When Hartman received his MPH degree, he immediately went to work for Hillside Health Care International, which supports a clinic in Belize where UW–Madison students can participate in an internship. He says his MPH degree has been a tremendous advantage in his many global-health efforts.
“A public-health degree is almost required if you want to invest significant time in underserved areas, domestically and abroad, because the skills and perspective are incredibly valuable. These include community assessment, program planning, grant writing, and advocacy skills,” he points out. “We need to have professionals with both clinical expertise and a public-health perspective who can intervene and make changes in all aspects along ‘the river’ of health.”

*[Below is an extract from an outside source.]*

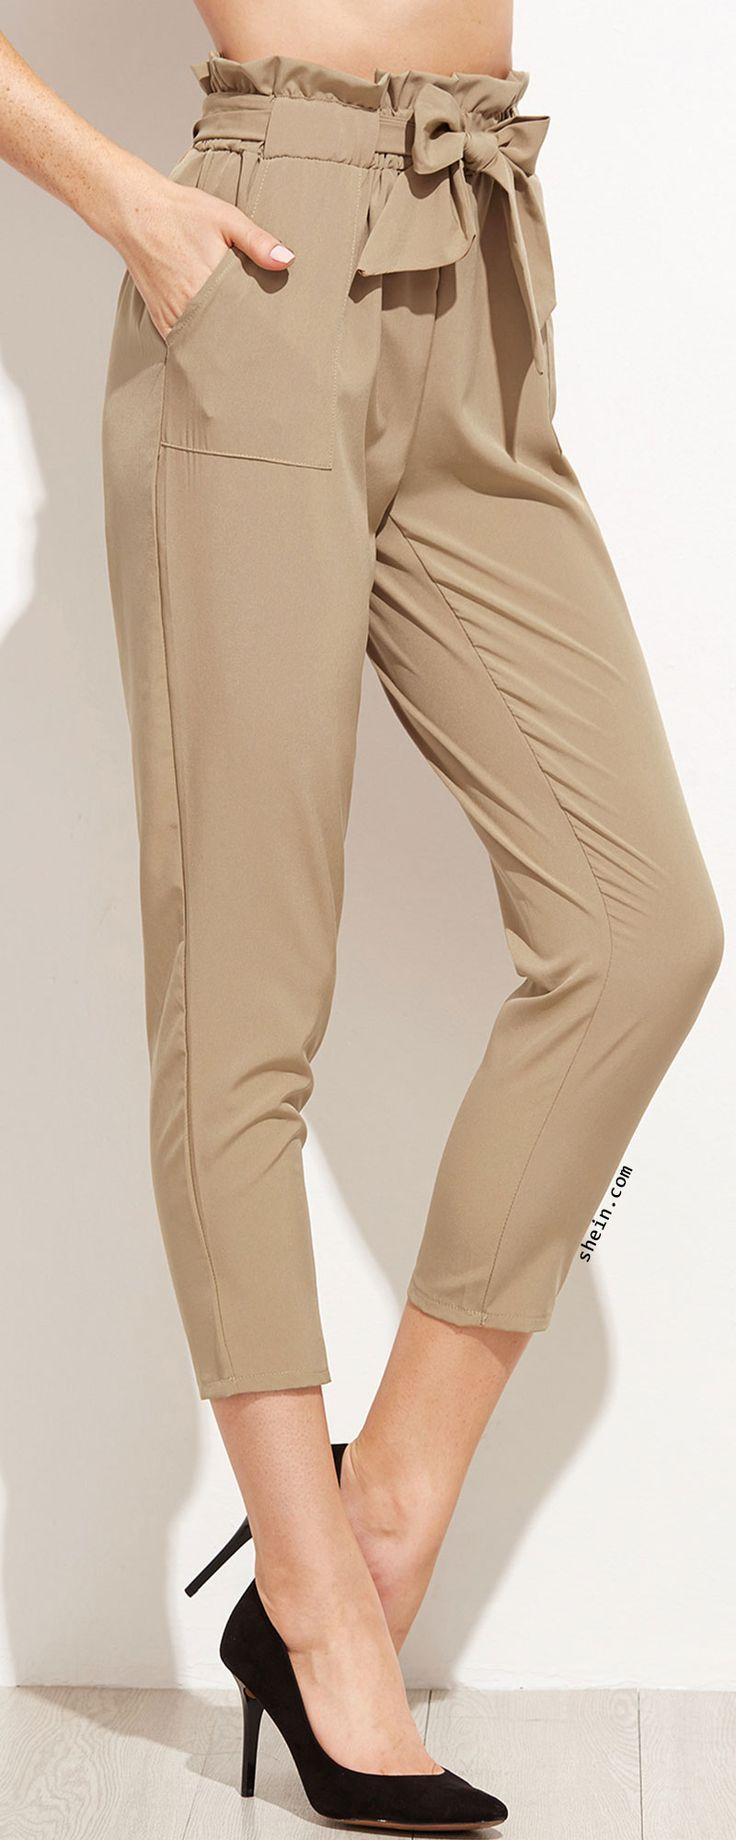 Khaki Tie Waist Ruffle Peg Pants

The success of alumni with dual DPT/MPH degrees speaks for itself. For instance, the first graduate to earn the dual degree, Daniel Deuel, PT, DPT, MPH ’22, MEd, spent the summer after his graduation working for the Ujima Center, a community organization in Monroe, Louisiana. The center’s stated commitment to health care justice and its motto — “It takes a village; we are that village” — aptly illustrate the vision of the evolving DPT Program and the UW School of Medicine and Public Health within which it is housed.
These examples highlight what makes the DPT Program successful in providing high-quality education to help students become excellent clinicians, as well as leaders, instructors, administrators, and researchers. The program excels beyond national benchmarks related to student success passing PT certification exams and securing jobs after graduation.
“Our alumni have become world-renowned scholars and educators; leaders in political-action areas; and successful business owners who serve their communities in many ways,” reflects Wenker. “The high value of the program is hard to define, but a peek into what our alumni accomplish shares that story.”